The Way
March 9, 2012 – March 10, 2012

Friday 12:00 PM, 8:00 PM and Saturday 8:00 PM
Unafraid of stillness and scenes of quiet contemplation, the film also celebrates companionship and community, which are all good reasons to embrace the experience along The Way.
Claudia Pulg, USA Today
One thing you quickly realize when you sit down to watch THE WAY: Martin Sheen is a very compelling actor. Another thing you realize more slowly as the film goes along: His oldest son, Emilio Estevez, is a very sensitive director.
Mr. Estevez is both writer and director of this film, and also turns up in a small role, but he gives the spotlight tohis father, who makes quite a lot out of a low-key story that could easily have degenerated into mush. Mr. Sheen plays an ophthalmologist named Tom, whose only son, Daniel (Mr. Estevez), dies in severe weather in the Pyrenees while trying to walk the Way of St. James (also known as the Camino de Santiago), a pilgrimage of hundreds of miles that ends in northwest Spain at a cathedral where the Apostle James is said to be buried.
Tom goes to retrieve his son’s body and ends up walking the pilgrimage himself, scattering Daniel’s ashes along the way. Mr. Sheen gives a lovely performance as the no-nonsense doctor, and he gets wonderful support from actors playing fellow travelers who befriend Tom: Yorick van Wageningen as a verbose Dutchman, Deborah Kara Unger as an acid-tongued woman trying to quit smoking, and James Nesbitt as an Irishman with writer’s block.

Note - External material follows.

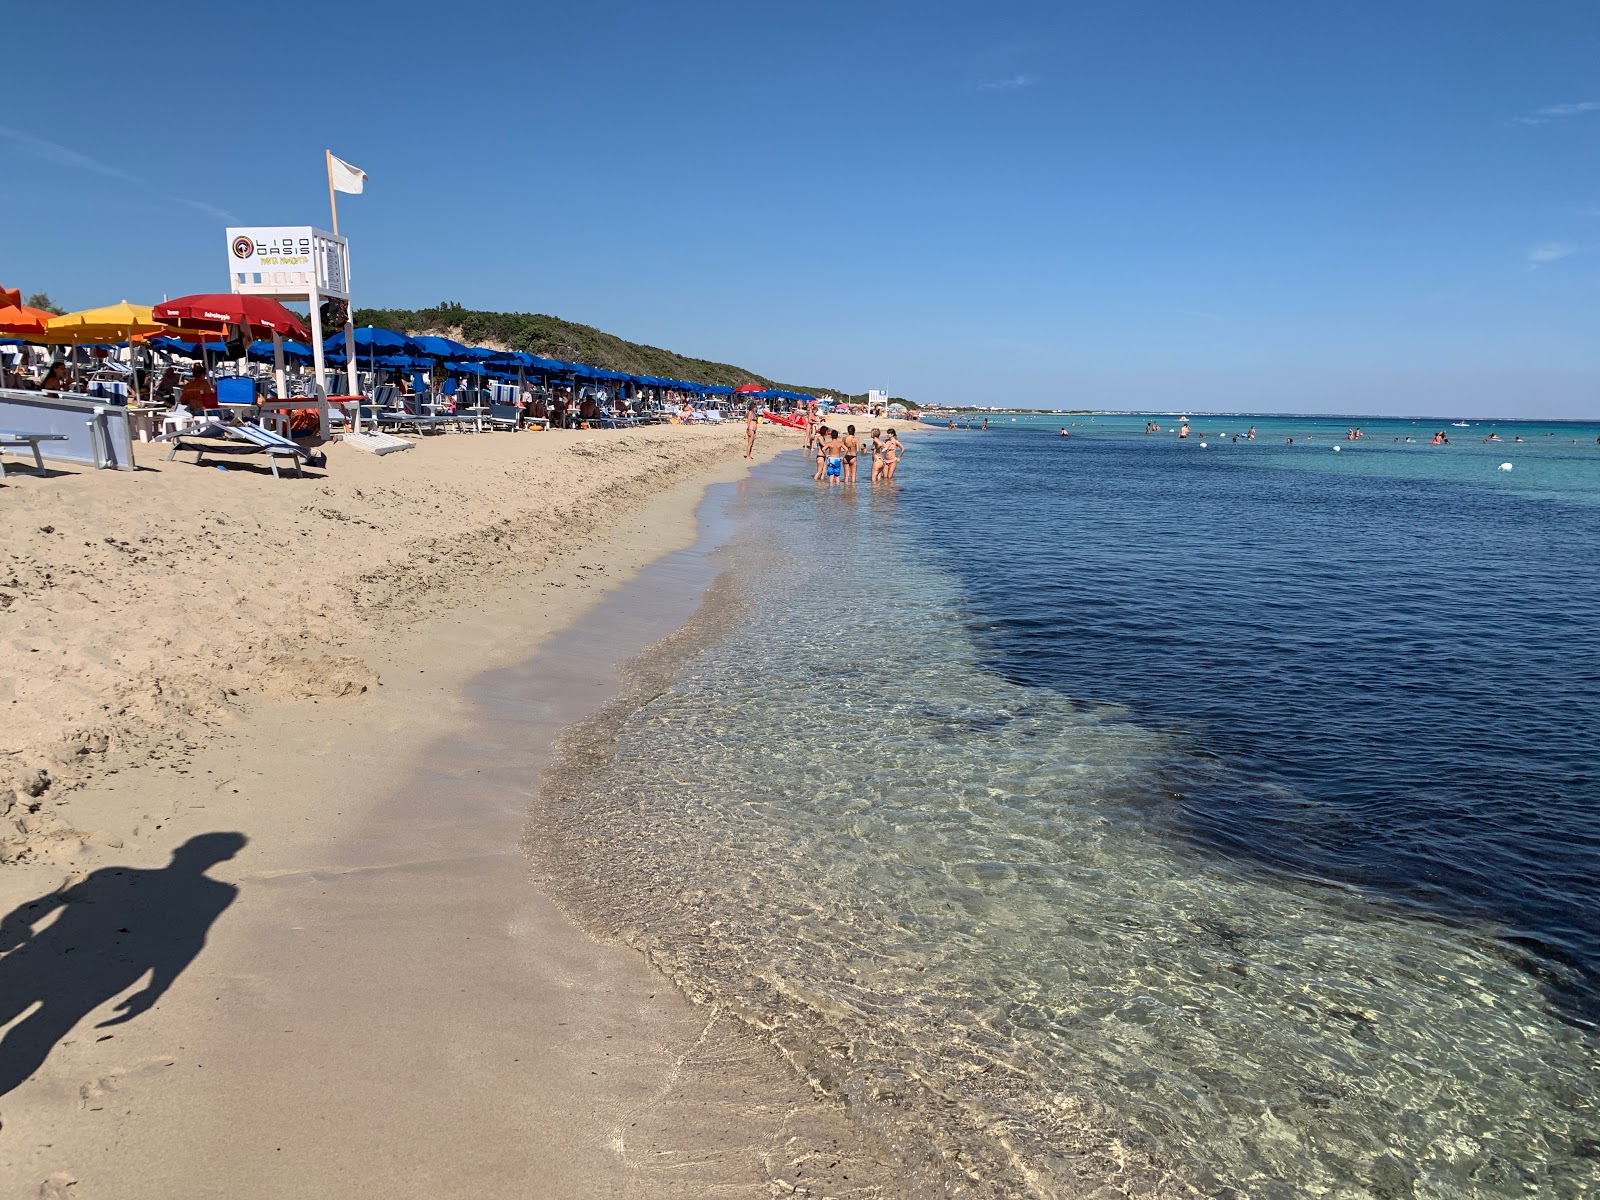 Foto von Spiaggia di Punta Prosciutto mit langer gerader strand

This is not an “inspirational film” in the usual, syrupy sense; none of these people are overtly finding God on this trek. The beauty of the movie, in fact, is that Mr. Estevez does not make explicit what any of them find, beyond friendship. He lets these four fine actors convey that true personal transformations are not announced with fanfare, but happen internally.